*** Opening of DATASET SECTION ***

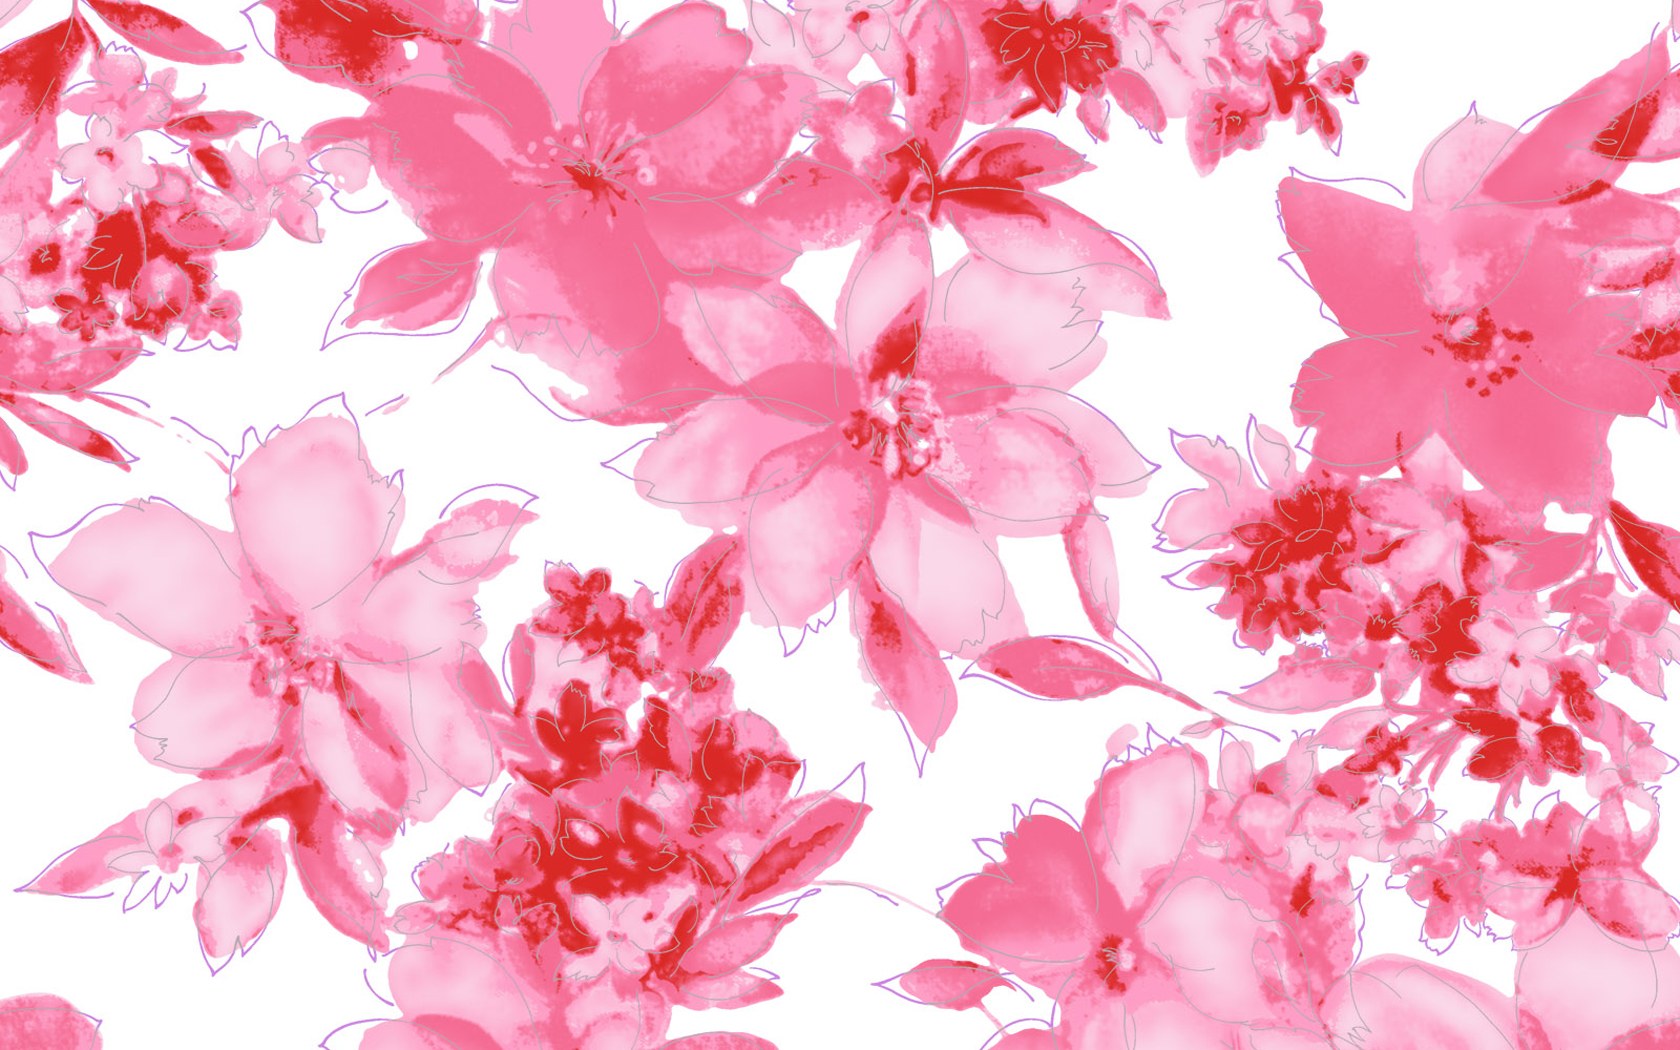 From Wallpaper Flower Pattern
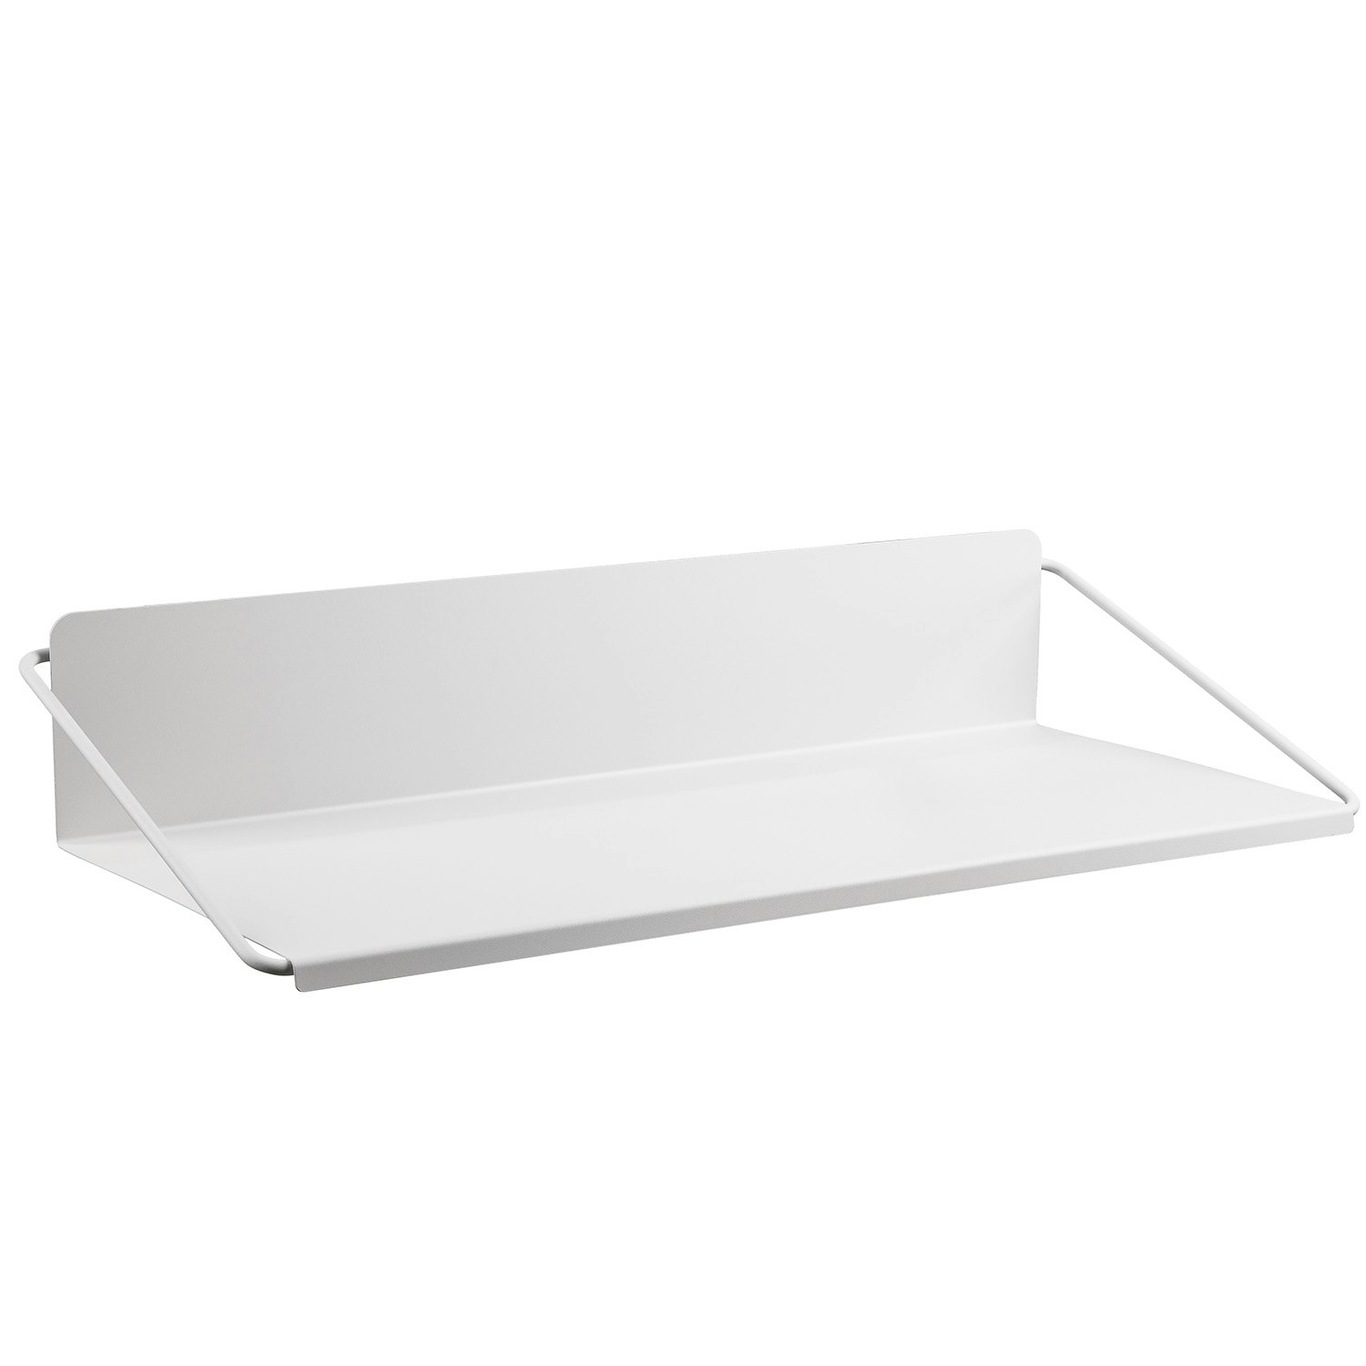 A-Wall Desk 95 cm, Soft Grey
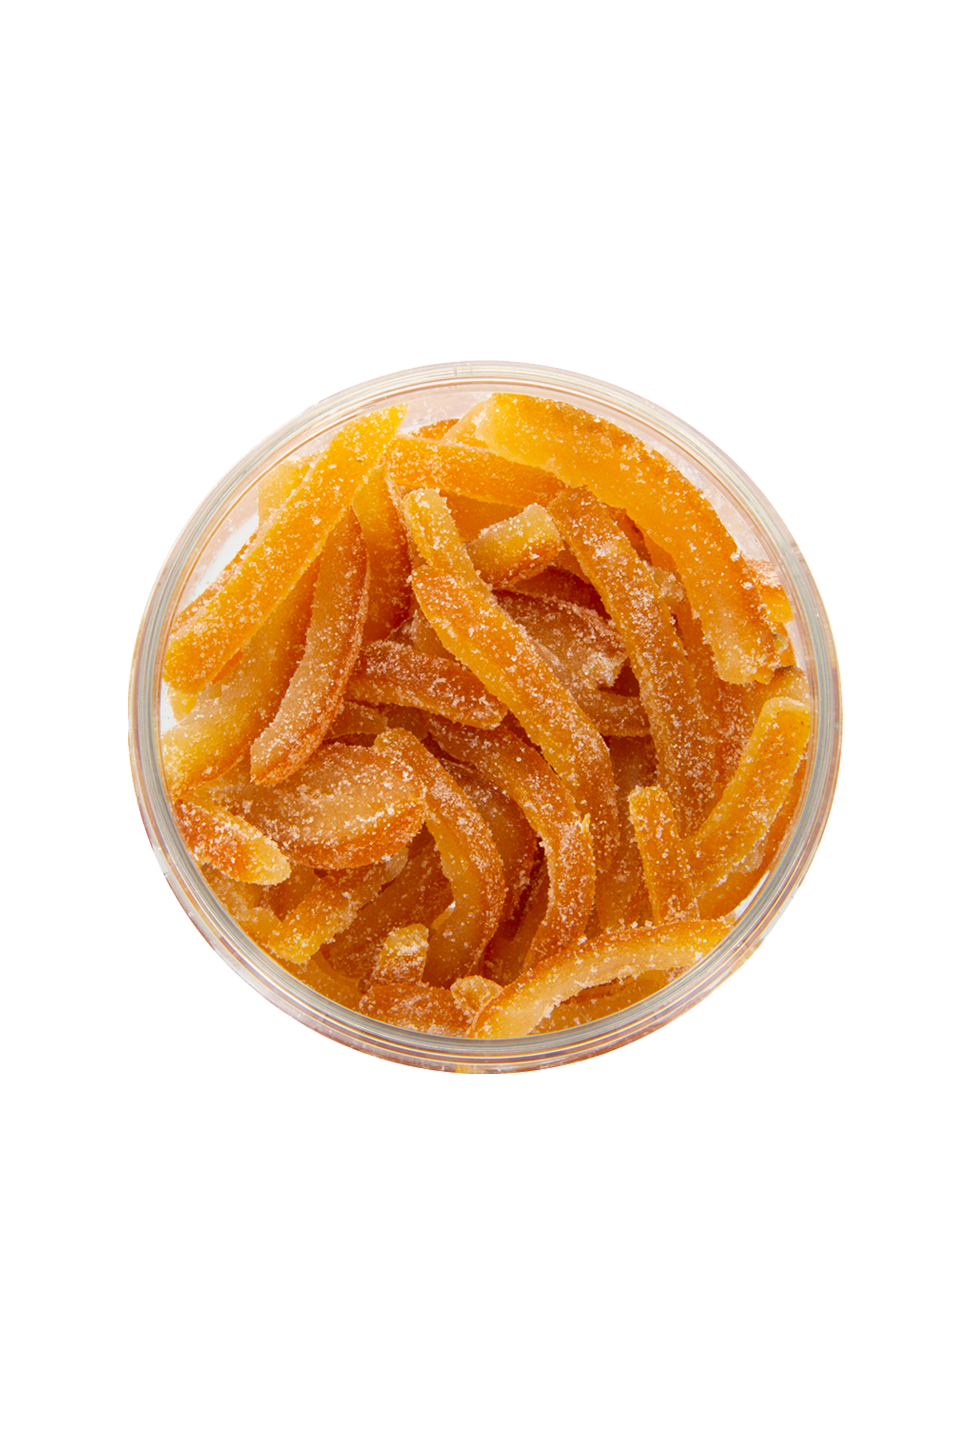 orangette au sucre box pâtisserie 200g - Confiserie Florian
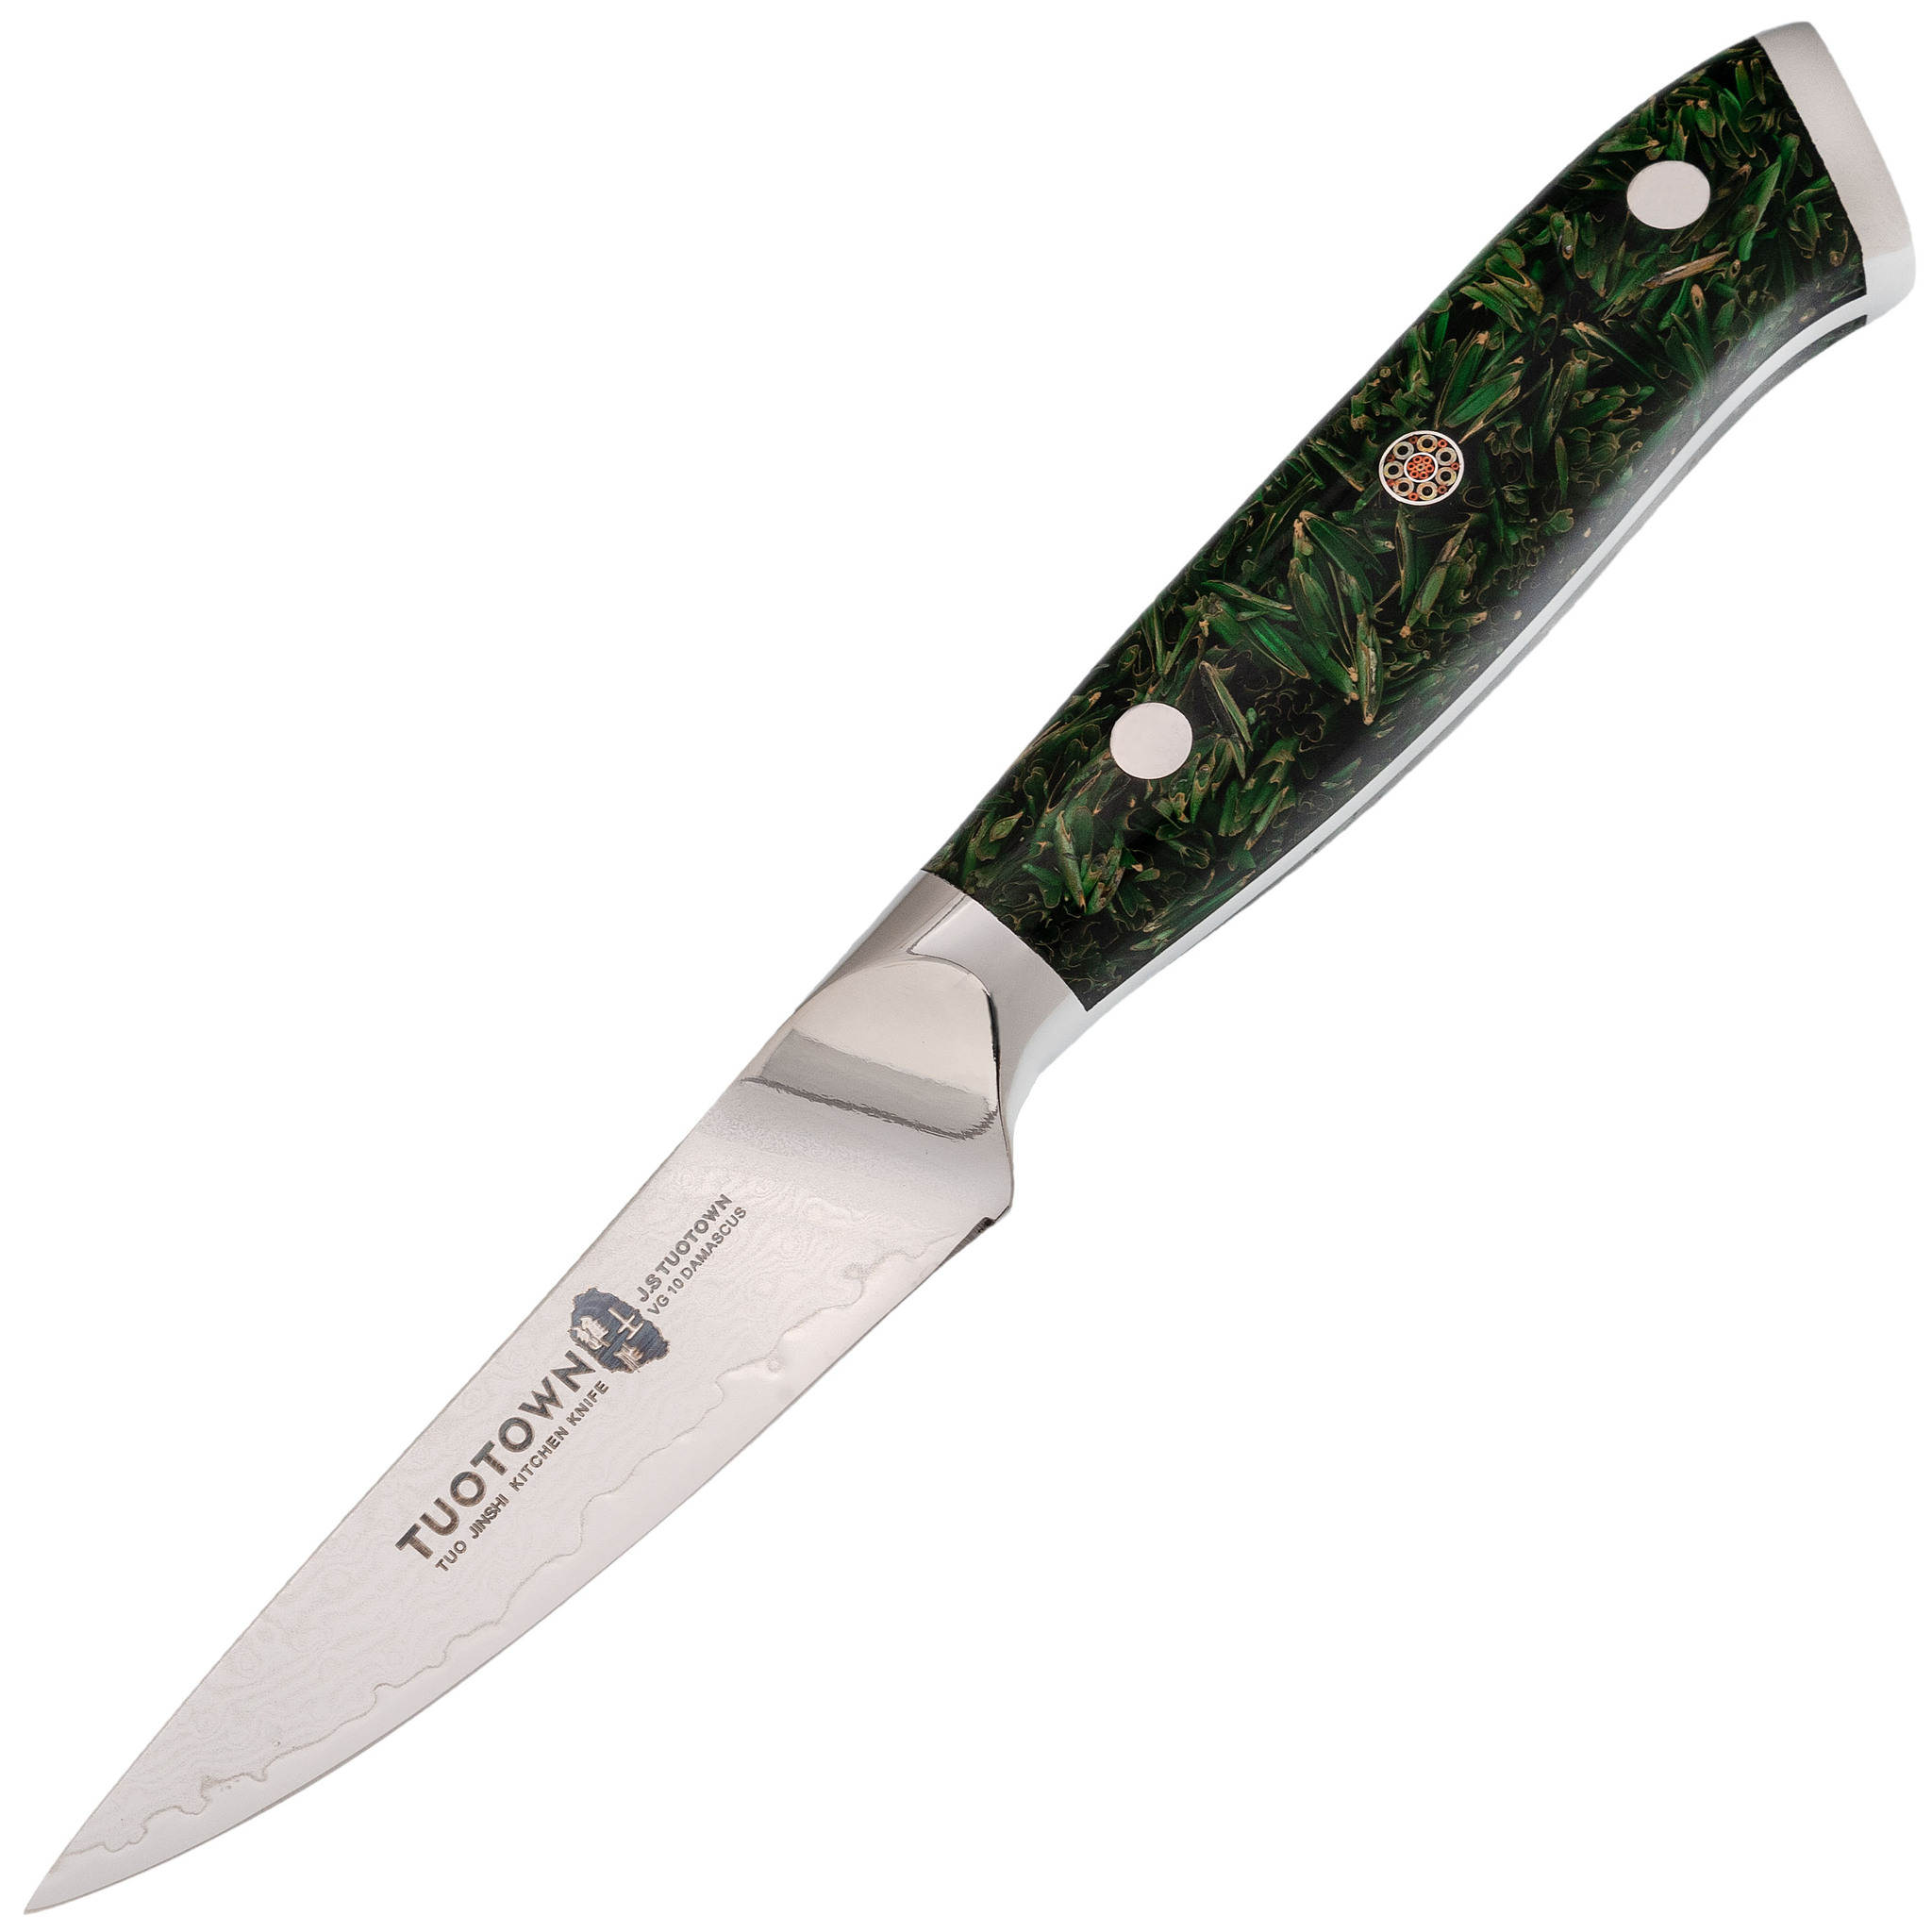 Кухонный нож Tuotown, сталь VG10, обкладка Damascus, рукоять акрил, зеленый

*** Close of DATASET SECTION ***

### TASK
Word for word, reproduce each line from the one with "orangette au sucre" through the last line of the material above, both included, and drop the pictures.

### OUTPUT OF THE TASK
 orangette au sucre box pâtisserie 200g - Confiserie Florian
 Кухонный нож Tuotown, сталь VG10, обкладка Damascus, рукоять акрил, зеленый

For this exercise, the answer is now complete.